# First Time Trip to Pensecola



## nitrobassett (Jul 17, 2013)

I will be making my first kayak fishing trip down to Pensacola Augs. 12th.
I have never fish down there out of a kayak, just fish fresh water up here in Missouri. 

I will be staying on Pensacola Beach. Is Little Sabine Bay worth fishing?

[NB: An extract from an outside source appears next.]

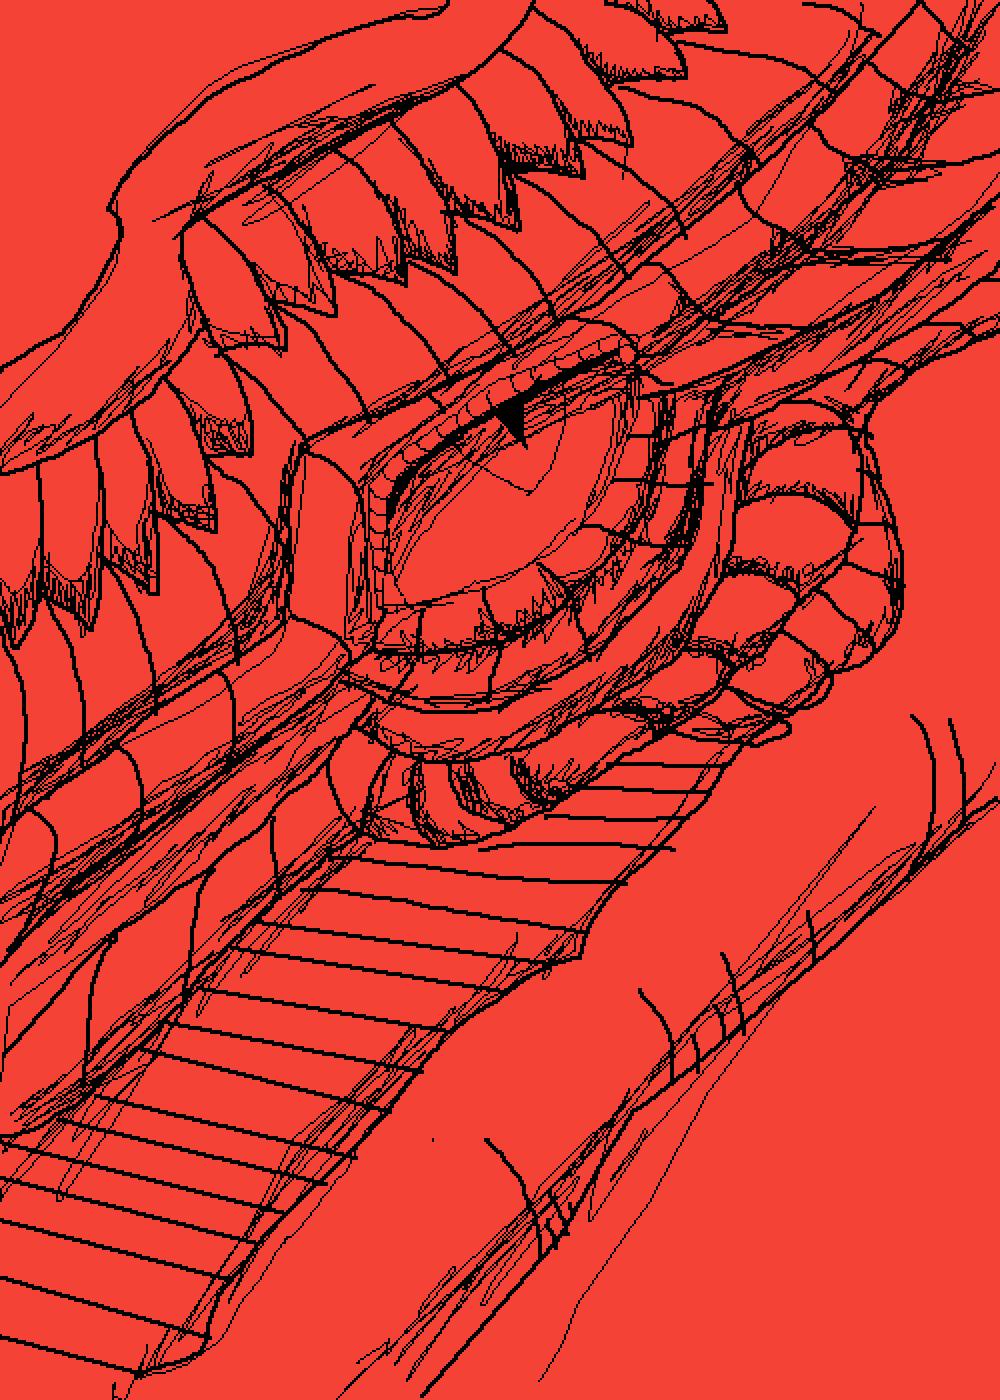 main-image-2 color dragon  by ColorBlitz98

Any hints, fishing spots would be greatly appreciated. I am looking to catch anything I can. Would love to hook up with a spec or red. 

Thanks

Looking to stay Inshore
:thumbup:


----------



## OTTE*DA*WORM (Feb 12, 2011)

Little Sabine Bay is the equivalent to a small pond. Do not waste your time. Fish Pensacola Bay. and some of the inlets around Pensacola, and Gulf Breeze. JMO - O*D*W


----------



## nitrobassett (Jul 17, 2013)

Where is a good launching point?


----------



## MrPhoShiz (Sep 22, 2010)

never fished little sabine but have always wanted to try it out just because. if you go west on Ft pickens Rd and before you enter the park on the Right hand side there is a parking lot. you can launch there and paddle out NE 100 yds past the snorkeling reef there is some bridge rubble there you can fish. ive pulled up keeper black seabass, baby snapper up to 12", big whiting, big white trout and speckled trout as well as trigger and some fat croakers. Other than that keep us posted about when your in town maybe some of us will be in the bay Bull fishing


----------



## aquatic argobull (Mar 2, 2009)

I've caught a bunch of trout on a gulp near sabine bay. Go out of the canal towards the bridge and there's some grass flats on the left. They're hit or miss. Use google earth or google maps with satellite and you can see the grass flats.


----------



## nitrobassett (Jul 17, 2013)

Awesome info, that will be my first stop, looks easy to get too. I will be down the whole week of Augst. 12th planning to get out every day:notworthy:


----------



## Magic Mike (Jun 30, 2009)

Depending on weather, you can also hit the 3mi Bridge at night or the rocks along Bayfront pkway. Shoreline Boat ramp flats are good as well


----------



## nitrobassett (Jul 17, 2013)

where is Shoreline Boat Ramp? 

thanks for the pointers


----------



## Magic Mike (Jun 30, 2009)

Shoreline drive is right before you turn off of Hwy 98 onto the Pensacola Beach (Bob Sykes) bridge. West of Santa Rosa Yacht Club


----------